The same day as that Governor's debate, the Oklahoma State Supreme Court struck down Monroe Nichols's side deal with the Muscogee Creek Nation. That happened only because Governor Stitt, who believes in One Oklahoma, intervened and brought the case to the court.
Meanwhile, another case, Muscogee (Creek) Nation v. Kunzweiler, is working its way through the Federal courts. Our elected District Attorney, Steve Kunzweiler, has defended the State of Oklahoma's authority to prosecute crimes committed on the claimed Creek reservation. The specific case involved an Indian who is not a Creek citizen who was arrested for DUI in the Creek Nation part of Tulsa County. Federal Judge Gregory Frizzell denied the MCN's petition for an injunction to stop Kunzweiler from prosecuting these cases.

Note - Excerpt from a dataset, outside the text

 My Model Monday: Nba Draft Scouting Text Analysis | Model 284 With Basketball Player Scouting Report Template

The dream of Oklahoma's founders was that Oklahomans could take care of Oklahomans, that all Oklahomans whether Indian or non-Indian or some combination thereof would enter statehood on as equal citizens living under the same set of laws. That's why we don't have reservations where all the Indians were required to live in squalor. Instead they each got a quarter-square mile of land that they could farm, lease out, or (eventually) sell outright. One Oklahoma for all Oklahomans meant all Oklahomans voting for the same state officials and judges and legislators. Oklahoma was never meant to be overlapping and conflicting sovereignties based on one's ethnic background.

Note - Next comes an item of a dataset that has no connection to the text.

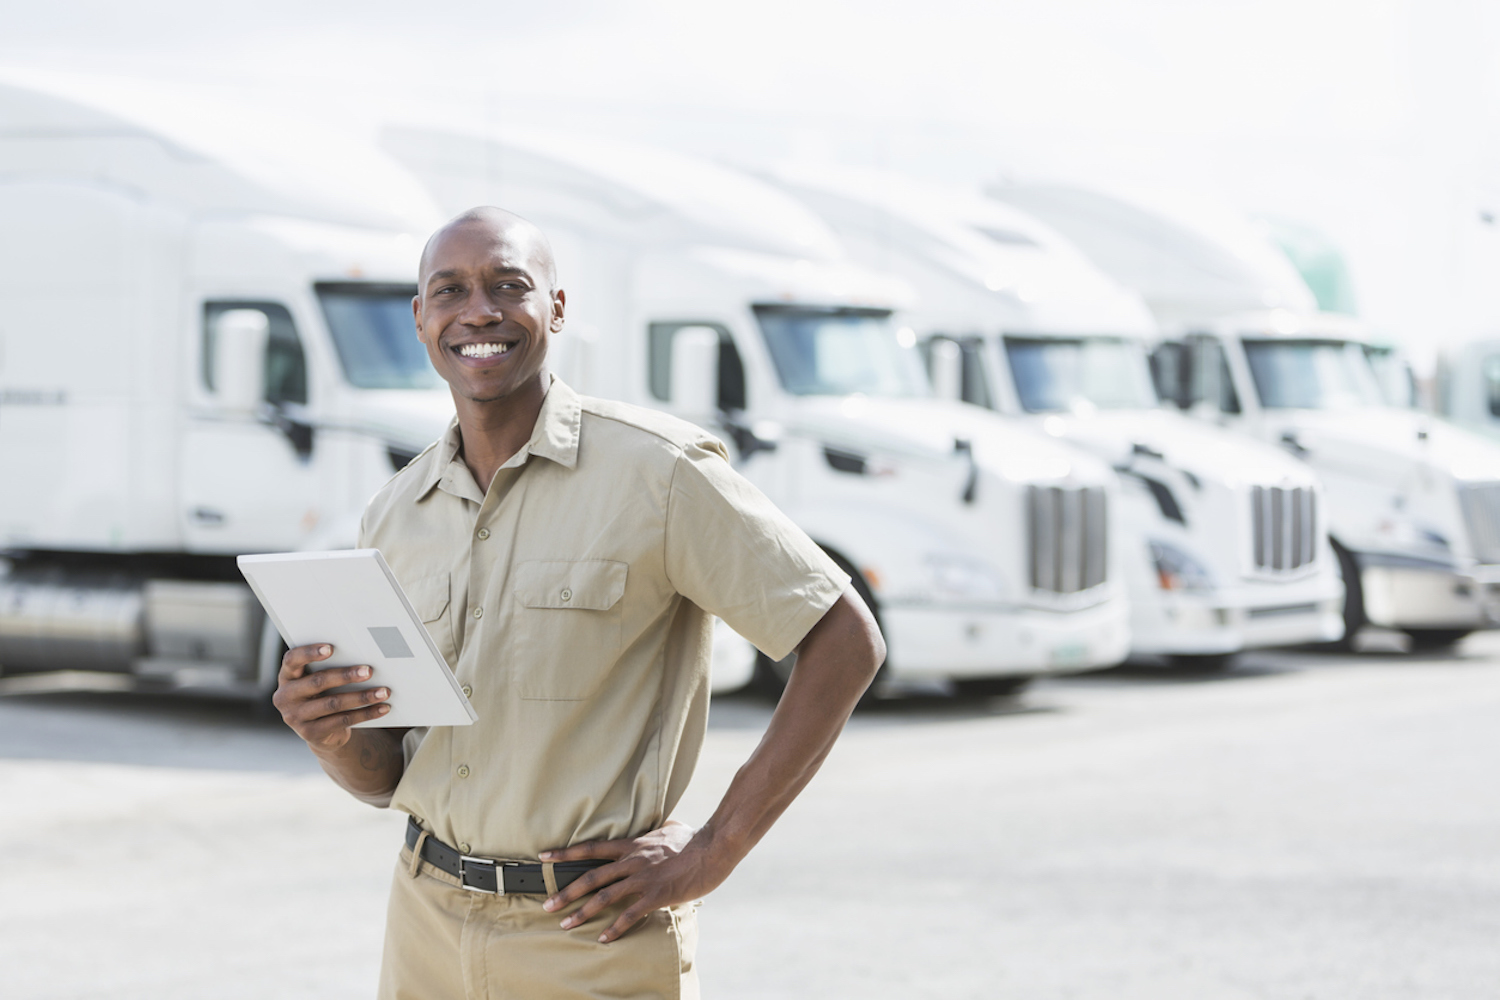 smiling man with computer tablet, standing in front of trucks

Oklahomans need elected officials who will vigorously defend the principles of One Oklahoma and Equal Justice Under Law in Federal court. We don't need elected officials who are funded by tribal governments pushing for divisive systems and complicated compacts. This year, defending those principles means electing Jeff Starling for Attorney General and Steve Kunzweiler for Tulsa County District Attorney. Their opponents have signaled an intent to surrender.
In the race for Governor, only Mike Mazzei has indicated a willingness to fight in past forums, although he side-stepped questions on the issue at the KSWO debate. In the Lt. Governor's contest, David Ostrowe, as a member of Stitt's administration, may be our best hope; TW Shannon supported the McGirt ruling, signing his name to an amicus brief.
MORE:
Here's the AG debate, cued up to the question about McGirt:
Former Attorney General John O'Connor has endorsed Jeff Starling:
I am honored to endorse my friend Jeff Starling for the very important office of Oklahoma Attorney General. As a former Attorney General, I know the experience and skills we need from our Attorney General.We need an experienced attorney, not a career politician!

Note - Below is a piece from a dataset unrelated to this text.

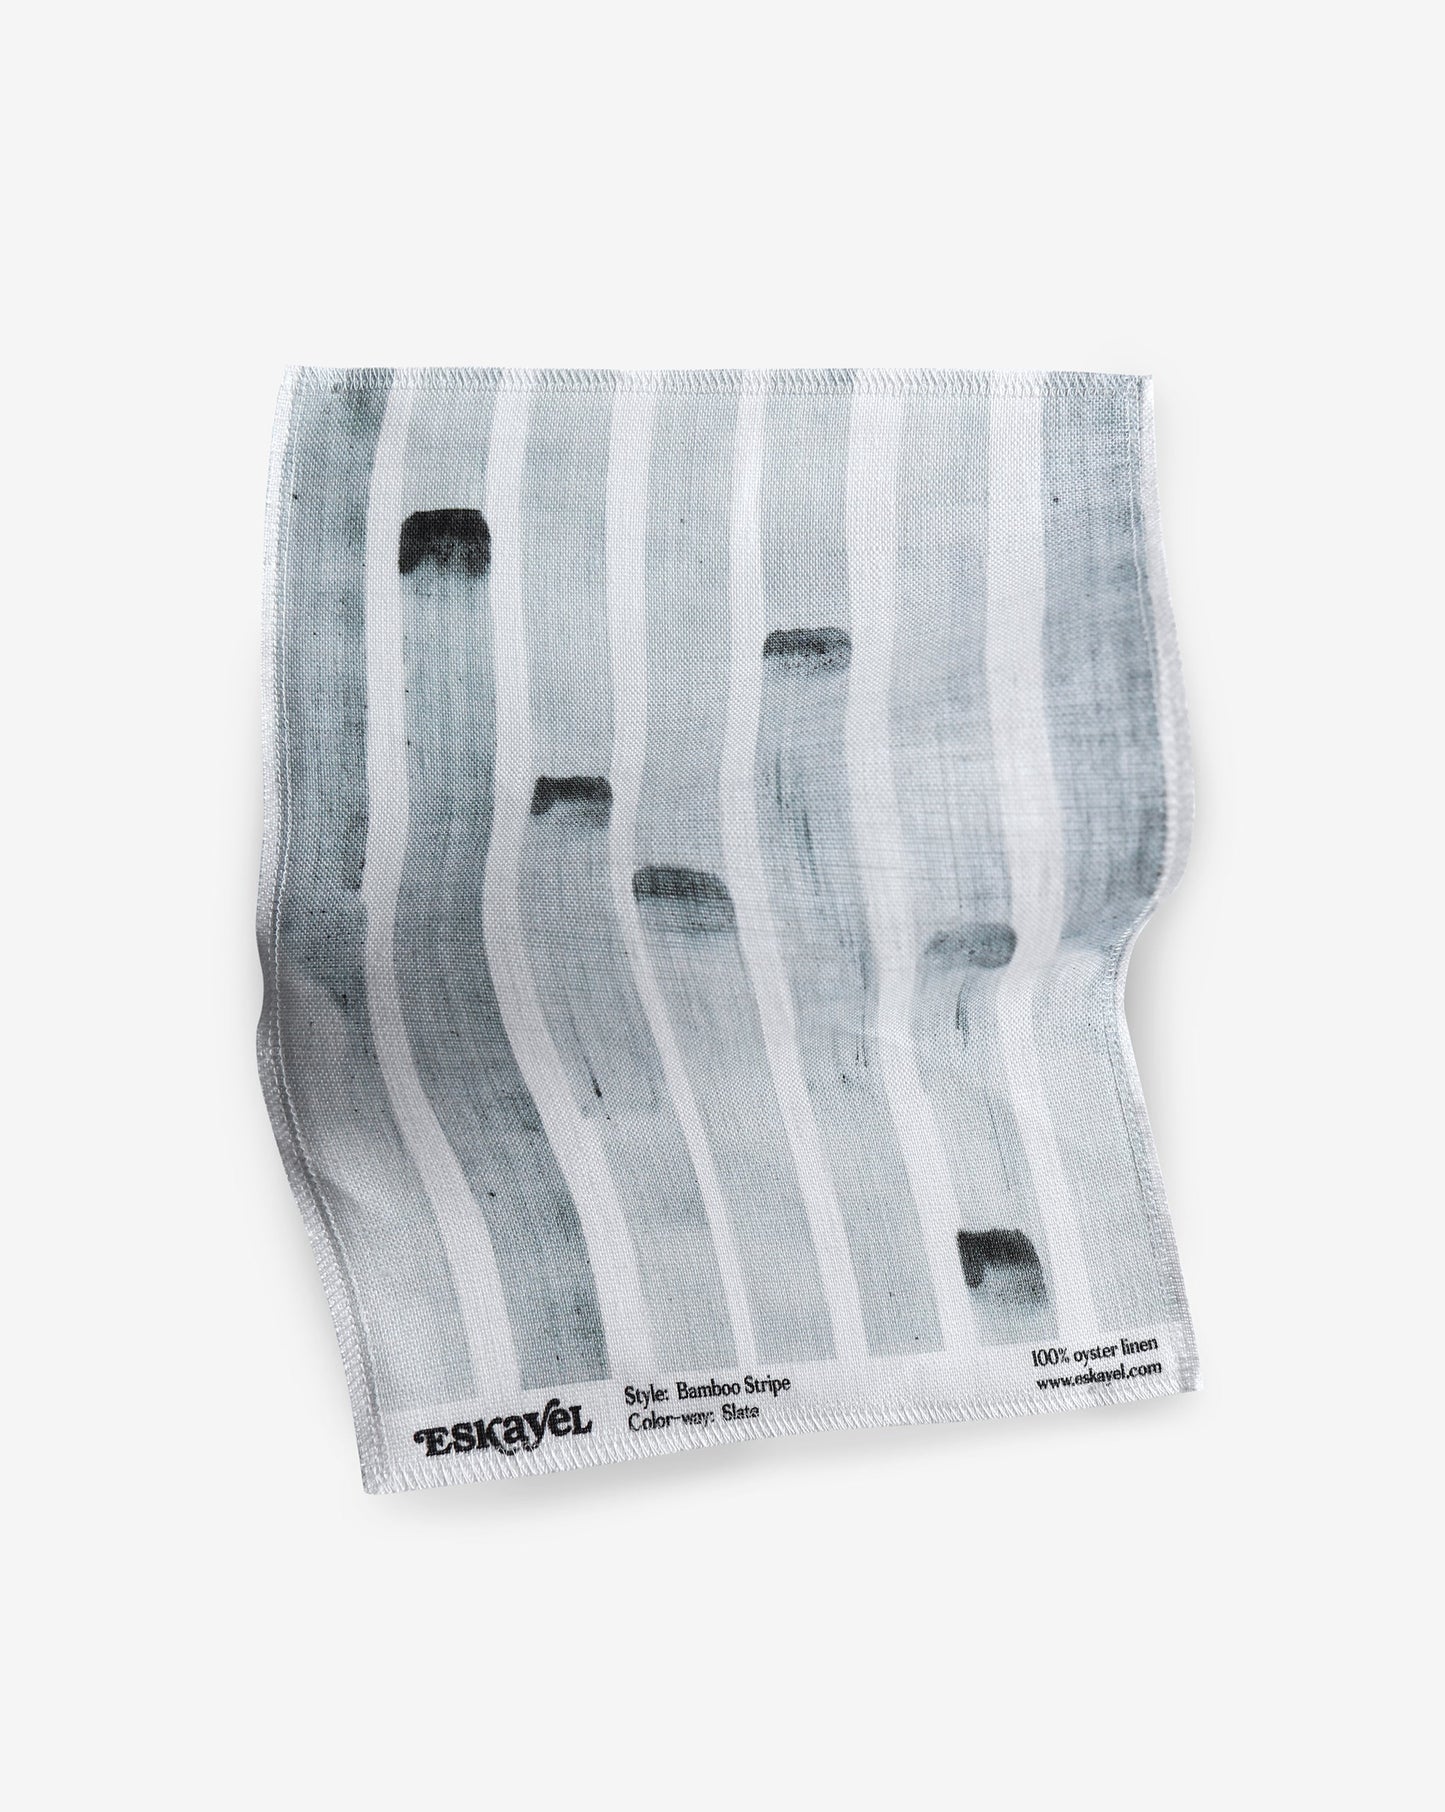 A Bamboo Stripe Fabric Slate with black and white stripes on it

Jeff Starling is the person who is best qualified to serve Oklahoma in this office. He is a smart, gifted Attorney. He has the heart of a warrior and will stand firm for our rights. At the same time, he has the heart of a public servant. He is running for the right reason -- to serve you and me.
His opponent is not an experienced attorney. He is an experienced politician. This is not who we need!
Jeff Starling is a family man, a man of integrity and faith, and a true conservative.
Join Lucia and me in supporting Jeff Starling to be our next Attorney General!